‘Unboxing’ this year’s hot toy: the LOL Big Surprise


Moments after hearing about the L.O.L. Surprise! Big Surprise on a Chicago radio station, Crystal Lessner was on the hunt for the popular — and increasingly sold out — toy.

But first, she had to figure out what it was.

She logged on to YouTube, where a 24-minute “unboxing” video clued her in.

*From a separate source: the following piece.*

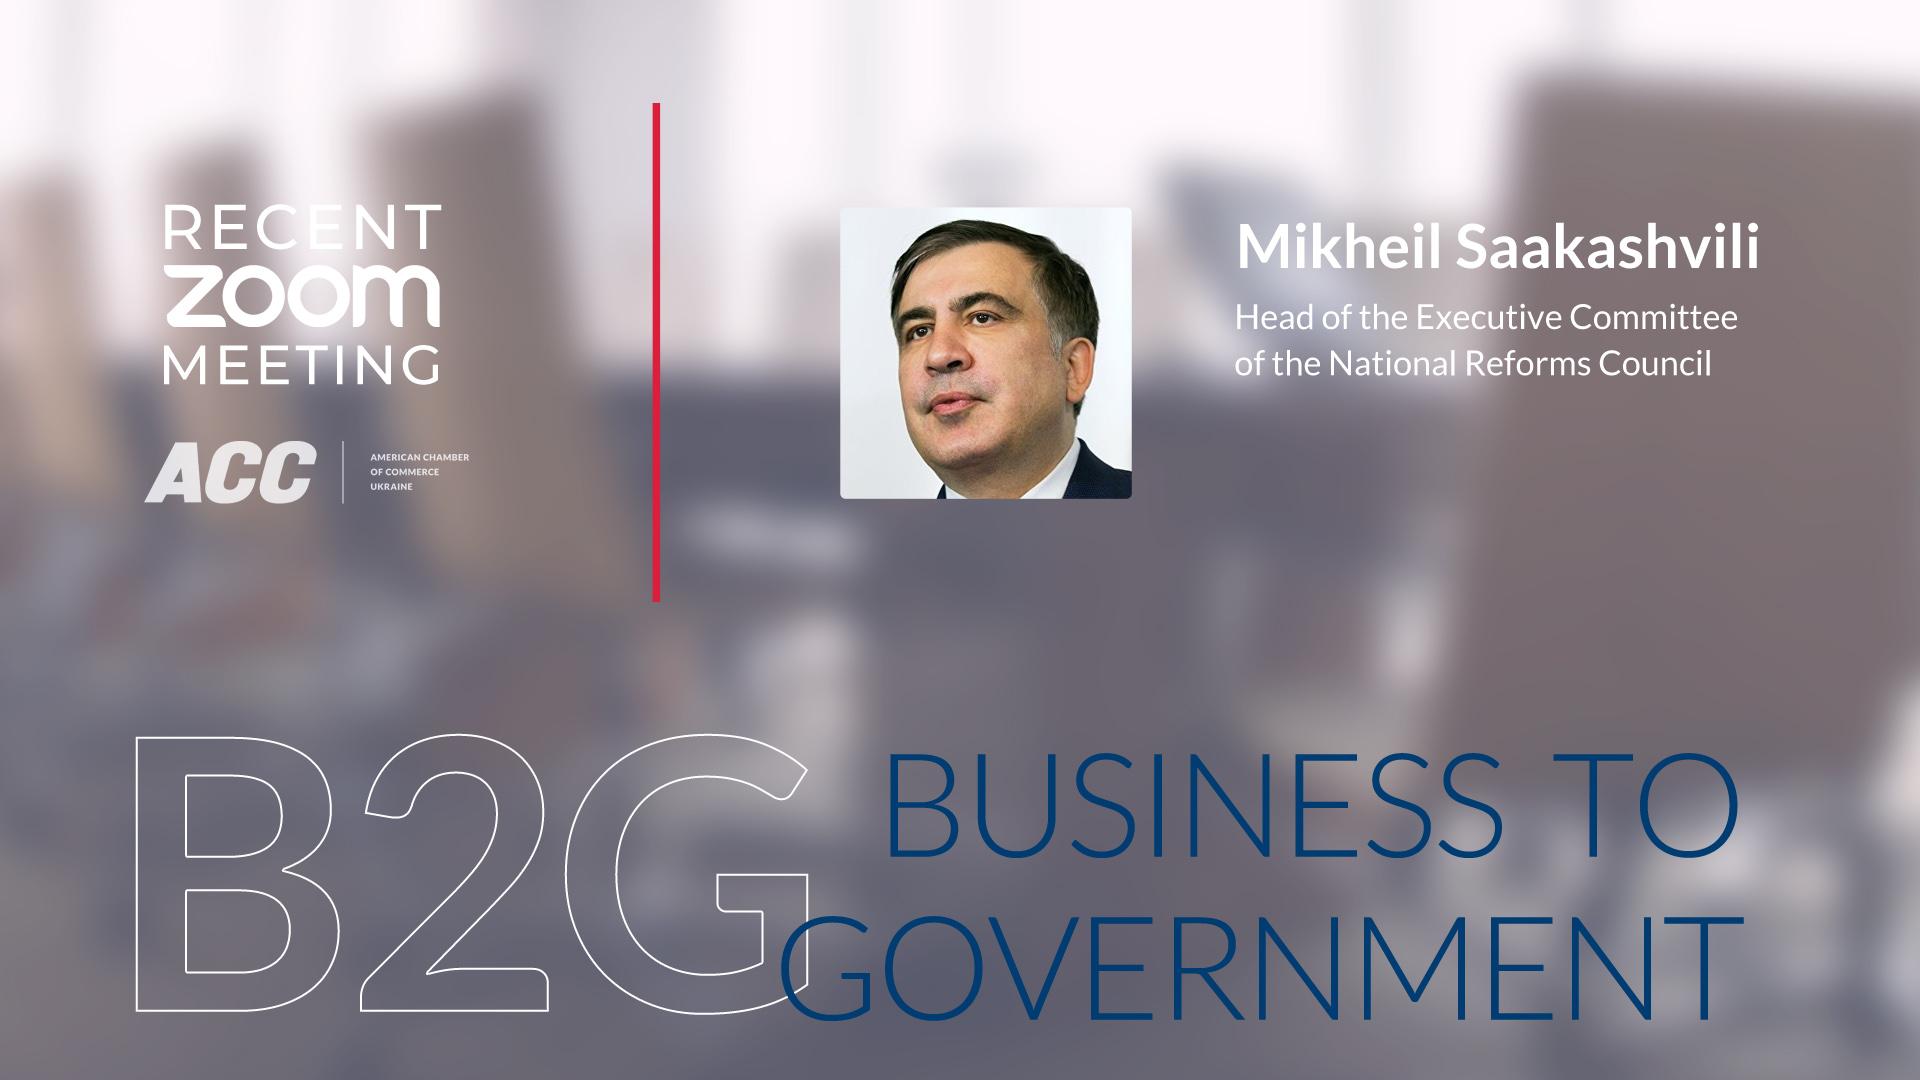 Американська торговельна палата зустрілася з Міхеілом Саакашвілі

The $69.99 toy, she learned, is quite simple: A glittery, dome-shaped plastic case filled with 50 surprises — four dolls, along with accessories, clothing, charms and other knick-knacks — that must be individually unwrapped. But much of the appeal of the Big Surprise is in its slow reveal. It can take hours, purchasers say, to peel away the toy’s layers and figure out exactly what’s buried inside. Some dolls cry, spit or “tinkle.” Others change color in cold water.

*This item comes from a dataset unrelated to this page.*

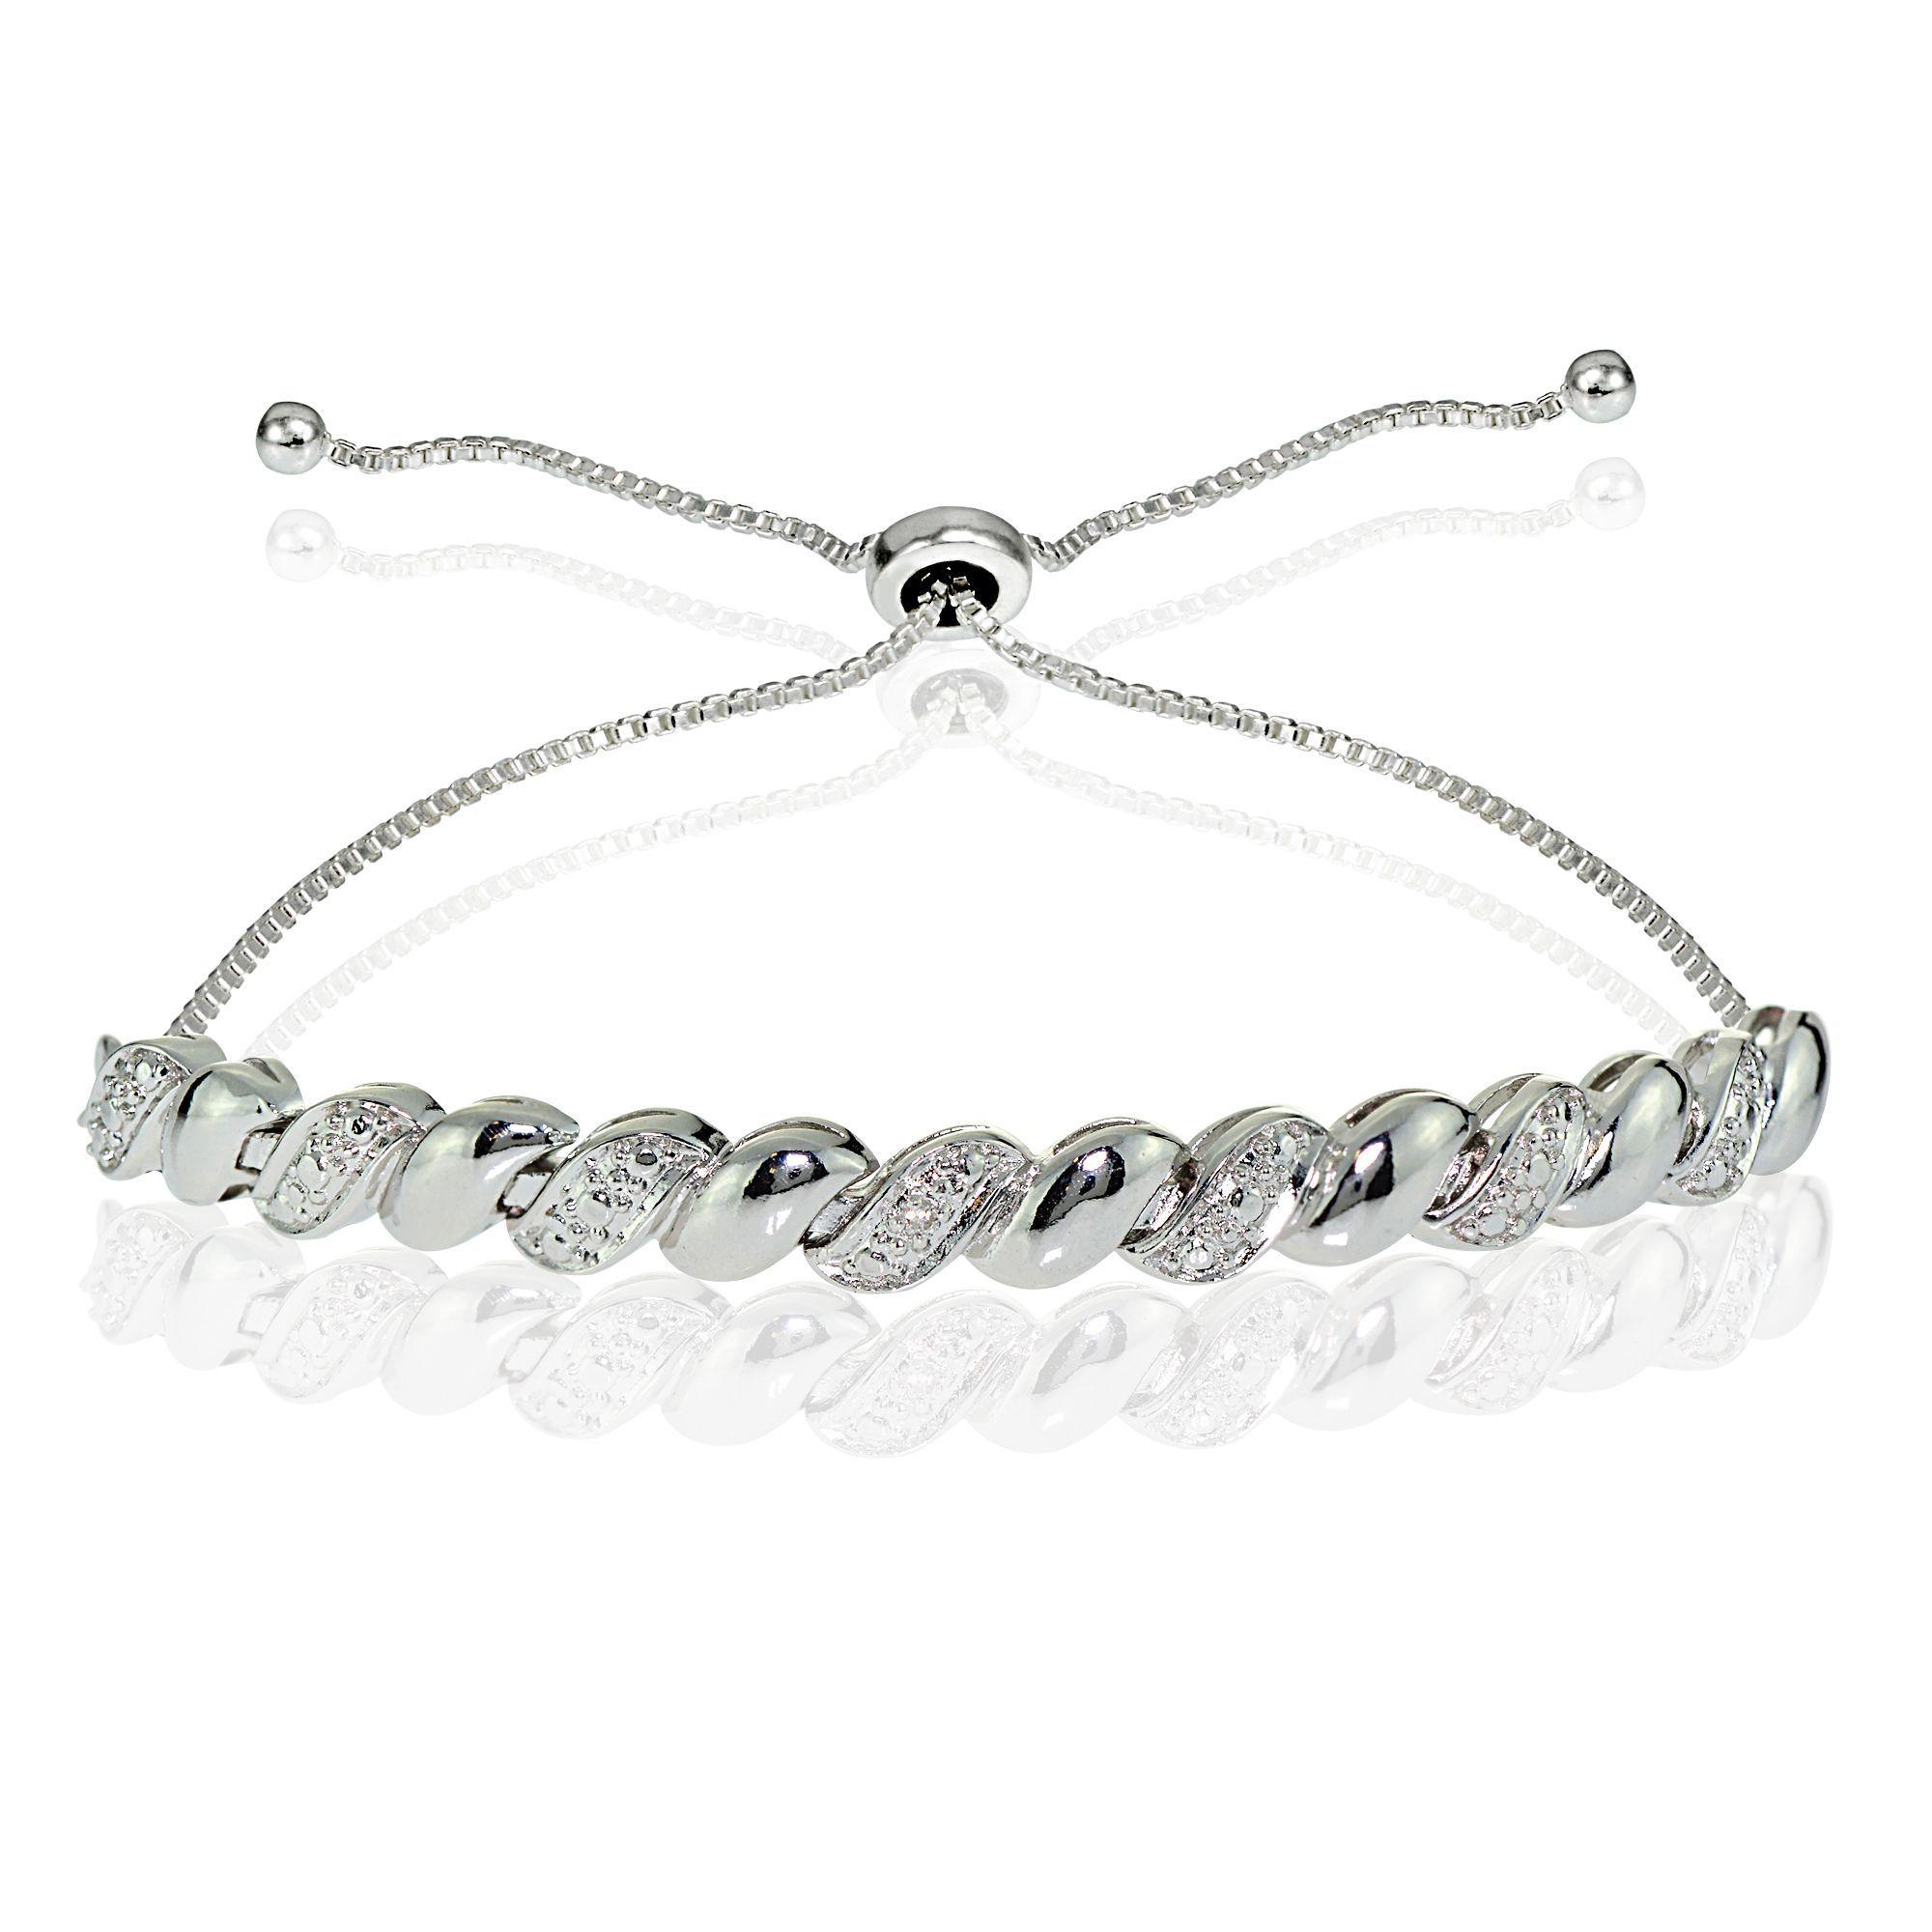 Rose gold finish round cut created diamond chain infinity design bangle giftbox

Watching that process unfold has become a pasttime in itself, and there are thousands of L.O.L. Surprise unboxing videos on YouTube to prove it. One, a 13-minute video of a woman opening the Big Surprise has been viewed 6.1 million times since it was posted on Sept. 30.

Lessner fast-forwarded her way through one of them and then set out in search of this season’s hot toy.

“I knew it was going to be a challenge to find one,” Lessner, 36, said. “But I was determined to be a cool mom for the first time in my life.”

L.O.L. Surprise! dolls — which stand for Little Outrageous Little Surprise — have become an unlikely blockbuster hit in an era of high-tech, movie-inspired toys. The Big Surprise, which was released six weeks ago, is sold out online at Target, Walmart and Toys R Us and is commanding 10 times its asking price on eBay. (Amazon.com, meanwhile, is selling the toy for $116.99, while Walmart’s Jet.com is charging $142.24)

The toy, industry insiders say, is one of the first to be both inspired by and created for an era of YouTube, Instagram and Snapchat. Executives at MGA Entertainment — the privately-held California company behind hits like Bratz, Lalaloopsy and Little Tikes — came up with the idea for L.O.L. dolls after seeing a proliferation of “unboxing” videos on YouTube.

The original L.O.L. Surprise — a $9.99 doll encased in seven layers of wrapping paper — quietly arrived in Target stores last year, just a couple weeks before Christmas. There were no large-scale marketing efforts or television commercials (a first in MGA’s 38-year history). Instead, executives thought they would discreetly test the waters before a larger release in January.

It turned out to be an instant hit, with all 500,000 dolls selling out in two months. By January, L.O.L. Surprise! had become the country’s top-selling doll, according to market research firm NPD Group. (As of September, it remained in that position.)

The company released a line of L.O.L. cats, dogs, rabbits and hamsters last week and has inked more than 30 licensing deals for items like clothing, stationery and home decor that are scheduled to make their way into stores next spring.

“At MGA we’ve had many, many big hits, but this is by far the biggest I’ve ever seen,” said Issac Larian, founder and chief executive of MGA, adding that revenue is in the millions. “A lot of times, we have products that work in the U.S., but don’t work in Germany or Russia or Korea. The thing about the L.O.L. Surprise is that it is in demand everywhere.”

The toy’s success, analysts say, builds on the popularity of earlier hits like Hatchimals and Shopkins. Like its predecessors, the L.O.L. Big Surprise has a built-in element of surprise — children don’t know exactly what they’re getting until they’ve opened all 50 layers — and is filled with colletibles they can share and trade.

“So much of the fun is getting to the final layer and seeing what you’ve ended up with and then figuring out what to do with all of those pieces,” said Jim Silver, chief executive of toy review website TTPM. “It’s almost like you have to go on a scavenger hunt before you get to the toys.”

Finding the item at stores can feel like a bit of a scavenger hunt, too. Crystal Lessner says she spent the better part of a day tracking down the L.O.L. Big Surprise for her 9-year-old daughter. Toys R Us was already sold out, as were the four Target stores closest to her Chicago-area home. Amazon, meanwhile, was charging a $50 premium on the toy. (Jeff Bezos, the chief executive of Amazon, owns The Washington Post.)

Lessner ended up driving 20 miles to a Target in another town, where she bought the last one on the shelf. She was so thrilled, Lessner says, that she snapped a selfie with the toy and posted it on Facebook.

“First gift of 2017,” the 36-year-old wrote. “The hottest Christmas gift of the year!”